Dalam laga Liga Argentina tersebut, ia menyambar bola liar tepat di depan kotak penalti dengan teknik tingkat tinggi yang membuat bola meluncur deras ke gawang lawan.
Gol tersebut dianggap memiliki tingkat kesulitan yang nyaris sempurna, sehingga mampu menyingkirkan 10 kandidat kuat lainnya di panggung penghargaan bergengsi tersebut.
Kandidat Elit Puskas: Dari Gol Jarak Jauh Ridho hingga Wonderkid Barcelona
Nama Rizky Ridho sebenarnya sempat melambung dan menjadi bahan perbincangan hangat di level internasional.
Gol indah yang ia cetak saat membela Persija Jakarta melawan Arema FC di Liga 1 memang sangat ikonik, yakni sepakan jarak jauh dari tengah lapangan yang sukses mengelabui kiper.
Namun, persaingan tahun ini memang sangat “gila” karena melibatkan nama-nama besar seperti wonderkid Barcelona, Lamine Yamal, dan gelandang Cagliari, Alessandro Deiola.
Proses penentuan pemenang Puskas Award sendiri dilakukan secara transparan melalui dua kelompok pemilih. Kelompok pertama adalah para penggemar sepak bola dari seluruh dunia, dan kelompok kedua adalah panel FIFA Legends.
Kedua kelompok ini memiliki bobot penilaian yang sama besar, yaitu masing-masing 50 persen. Seluruh poin kemudian diakumulasikan untuk menentukan siapa yang berhak menyandang status sebagai pencetak gol terindah di planet bumi.
Prosedur Ketat FIFA: Pengawasan Independen dalam Penilaian Gol Terbaik
Sistem penilaian Puskas Award memastikan bahwa pemenang benar-benar mencerminkan kualitas teknis dan estetika sebuah gol.
Para pemilih diminta untuk menentukan peringkat pertama hingga ketiga dari daftar 11 gol terbaik yang sudah dikurasi sebelumnya.
Setiap peringkat memiliki poin yang berbeda-beda, dan seluruh proses pemungutan suara ini diawasi secara ketat oleh pengamat independen guna menjaga integritas penghargaan tersebut.
Tahun ini, bobot penilaian yang seimbang antara pilihan publik dan para legenda sepak bola dunia memberikan dinamika yang menarik.
Meski gol Rizky Ridho mendapat dukungan masif dari netizen Indonesia, panel ahli nampaknya lebih condong pada keberanian teknis Montiel.
Alhasil, akumulasi poin akhir menempatkan bek kanan Independiente itu di posisi teratas sebagai peraih trofi yang diambil dari nama legenda Hungaria, Ferenc Puskas.
Reaksi Sang Pemenang: Montiel Tak Menyangka Tendangan Spekulasinya Berbuah Trofi
Santiago Montiel sendiri mengaku sangat terkejut sekaligus bangga dengan pencapaian yang ia raih.
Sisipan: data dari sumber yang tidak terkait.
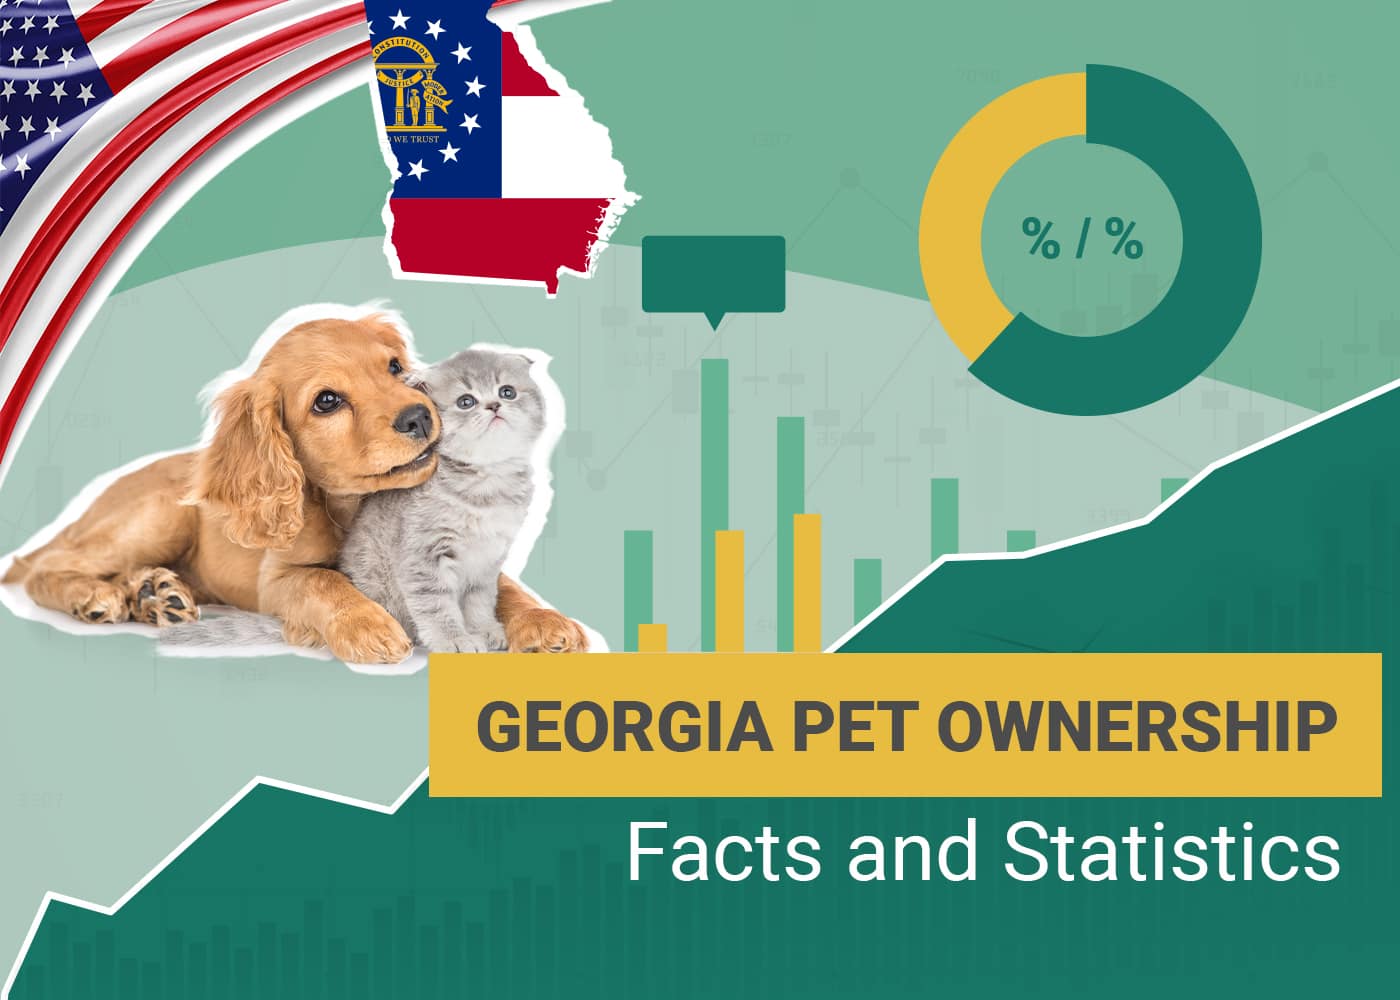 Georgia Pet Ownership Facts and Statistics

Baginya, gol tersebut terjadi secara insting tanpa ada pemikiran panjang saat melihat bola liar di depannya.
Ia pun tak lupa mengucapkan terima kasih kepada seluruh pihak yang telah memberikan suara untuknya, mulai dari pendukung fanatik Independiente hingga jajaran legenda FIFA yang mengakui keindahan gol saltonya.
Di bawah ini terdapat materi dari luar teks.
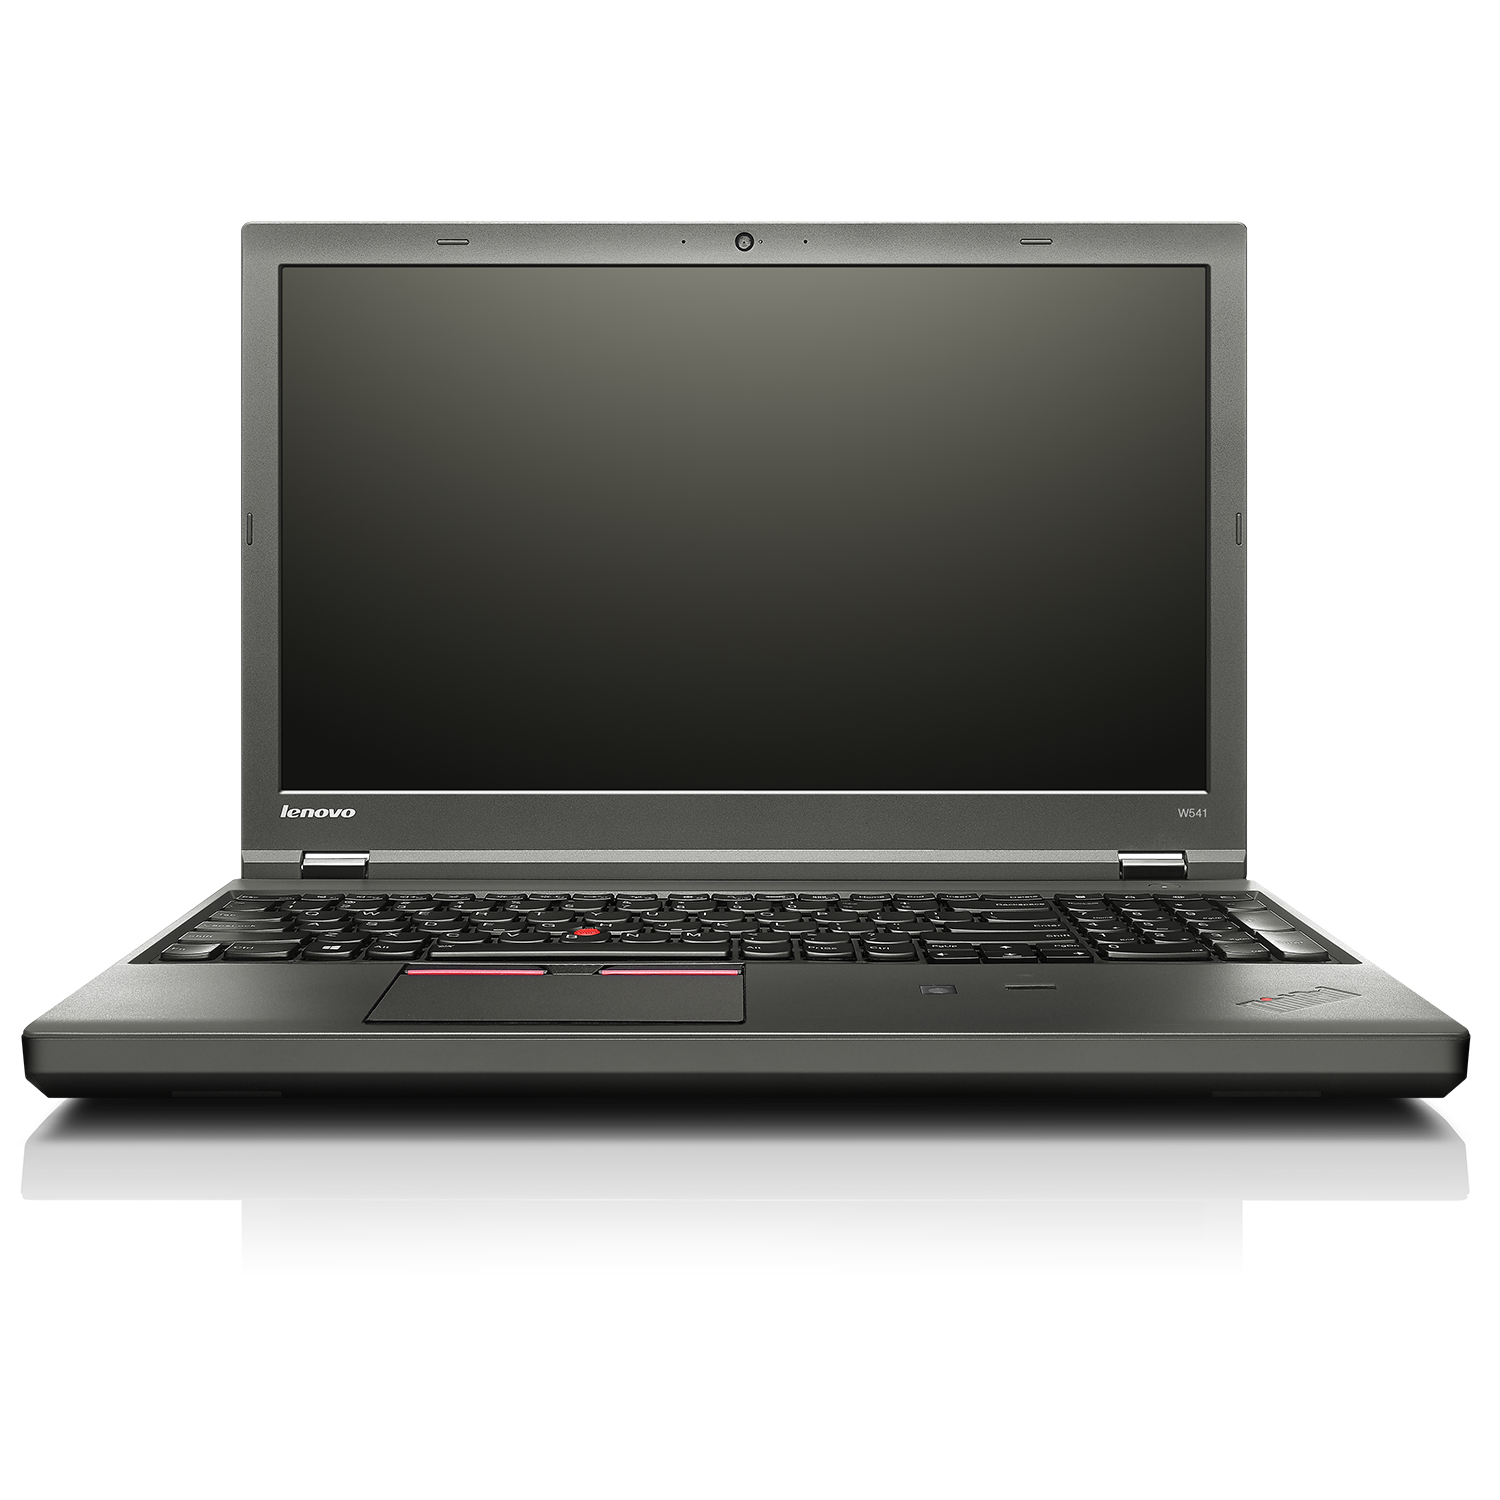 Lenovo ThinkPad W541 Клас A| Лаптопи втора ръка | iZone

Kemenangan Montiel ini sekaligus mengukuhkan dominasi teknik individu yang sering kali menjadi pembeda dalam ajang Puskas Award.
Meski Rizky Ridho belum berhasil menjadi pemain Indonesia pertama yang memenangi penghargaan ini, keberhasilannya masuk dalam daftar nominasi FIFA sudah menjadi prestasi yang membanggakan bagi sepak bola tanah air.
Kini, publik sepak bola tinggal menantikan kejutan gol-gol spektakuler lainnya yang akan lahir di musim kompetisi mendatang.
Statement:
Santiago Montiel (Pemenang Puskas Award 2025)
“Saya tidak memikirkannya, saya langsung tendang saja. Saya berterima kasih kepada semua orang yang sudah memberikan suara, fan Independiente, klub, legenda sepak bola FIFA. Sejujurnya saya senang menerima penghargaan ini. Saya ingin mengirimkan pelukan hangat kepada kalian semua.”
3 Poin Penting:
-
Pemenang Puskas 2025: Santiago Montiel dari klub Independiente resmi memenangi Puskas Award 2025 berkat gol saldo kaki kiri spektakuler di Liga Argentina.
-
Kekalahan Rizky Ridho: Meskipun mencetak gol jarak jauh yang indah untuk Persija di Liga 1, Rizky Ridho gagal mengumpulkan poin akumulasi yang cukup untuk mengalahkan Montiel.
-
Sistem Penilaian FIFA: Pemenang ditentukan melalui kombinasi suara penggemar dan panel FIFA Legends dengan bobot masing-masing 50 persen dari total penilaian akhir.